Wait, don’t flame me. I am only making assumptions because I bought a set of bed linen which is imported from the United States of America. I assumed that it comes with two pillow cases, one bed linen and a bolster case.
But upon reaching home, I realised that my bu-bu has not clothes. Aww….how can.
It is actually a very bright orange but the pic looks like red. So much like a bridal chamber hor? So, my housekeeper let my bu-bu wears a huge polka-dot bolster case. Aww…stuck out like a sore thumb.
Wait, empty bed like that looks too inviting. Later people think what pulak. (ahpek, you don’t fantasize hor? 😛 )
Ok, better now.
So, my conclusion is – Americans do not use bolster to sleep.
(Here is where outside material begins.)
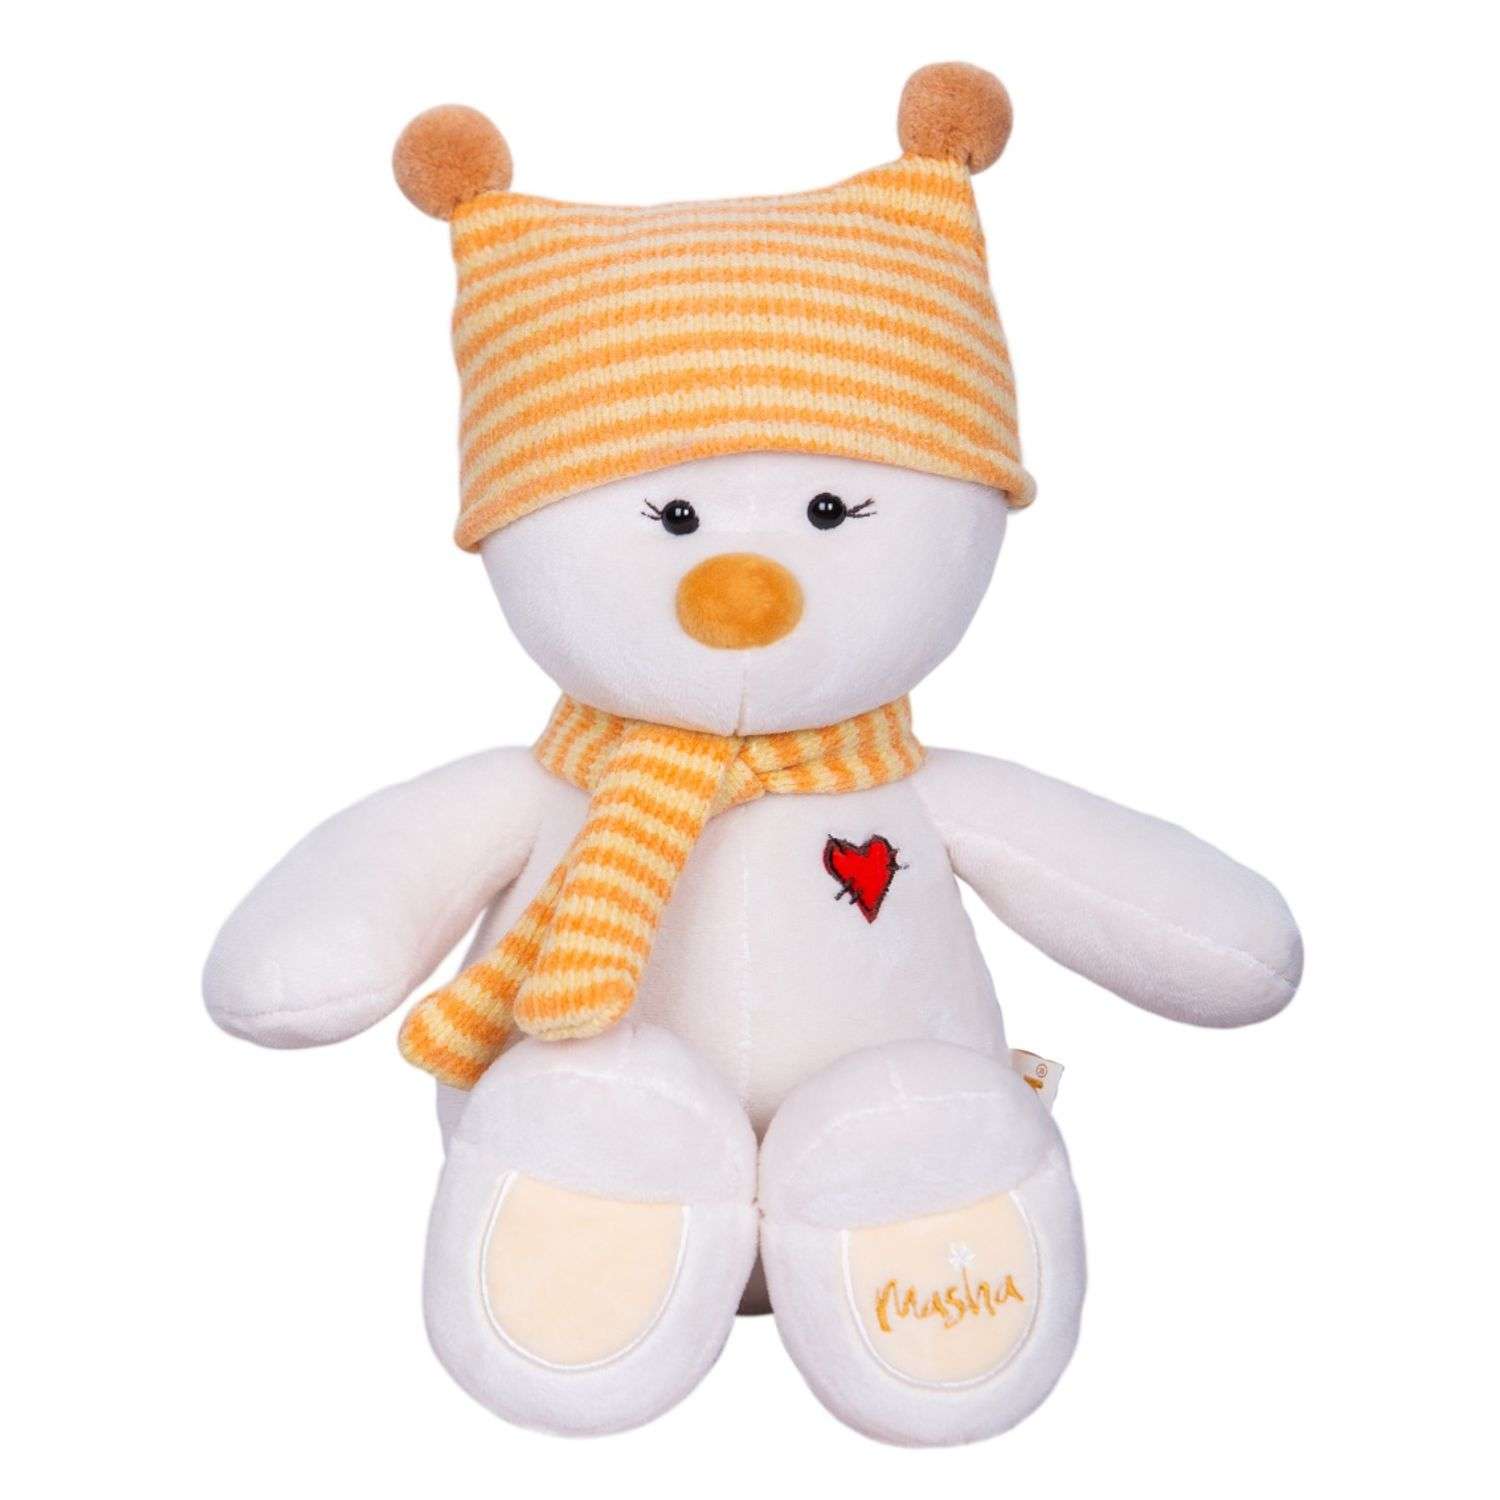 Мягкая игрушка KULT of toys плюшевый медведь masha в подарочной коробке для девочки в шапке 30см - фото 1

That’s why their bed linens have no bolster case. They do not know the marvels of bolster. How seductive it is. How it de-stresses us and is a much lovelier, huggable thing than a spouse. Spouses have bones, they snore and they are not soft and even shape. They move and disturb our sleep. You cannot put your spouse’s thigh between your thighs or else she may accidentally injure your Ron when she is dreaming of playing football. And you cannot bend your spouse’s thigh to curve where you want it (assuming you are a woman). See? Bolster is more important than a sleeping partner. *kicks spouse off bed, hug bolster*
See? Two happy bolsters users advocating you to buy one today. Don’t get anal, get bolster.
My prescription – Let bolster rules the world and we will have less anal people on earth. So, who can sleep without a bolster? I cannot live without my Mr. B.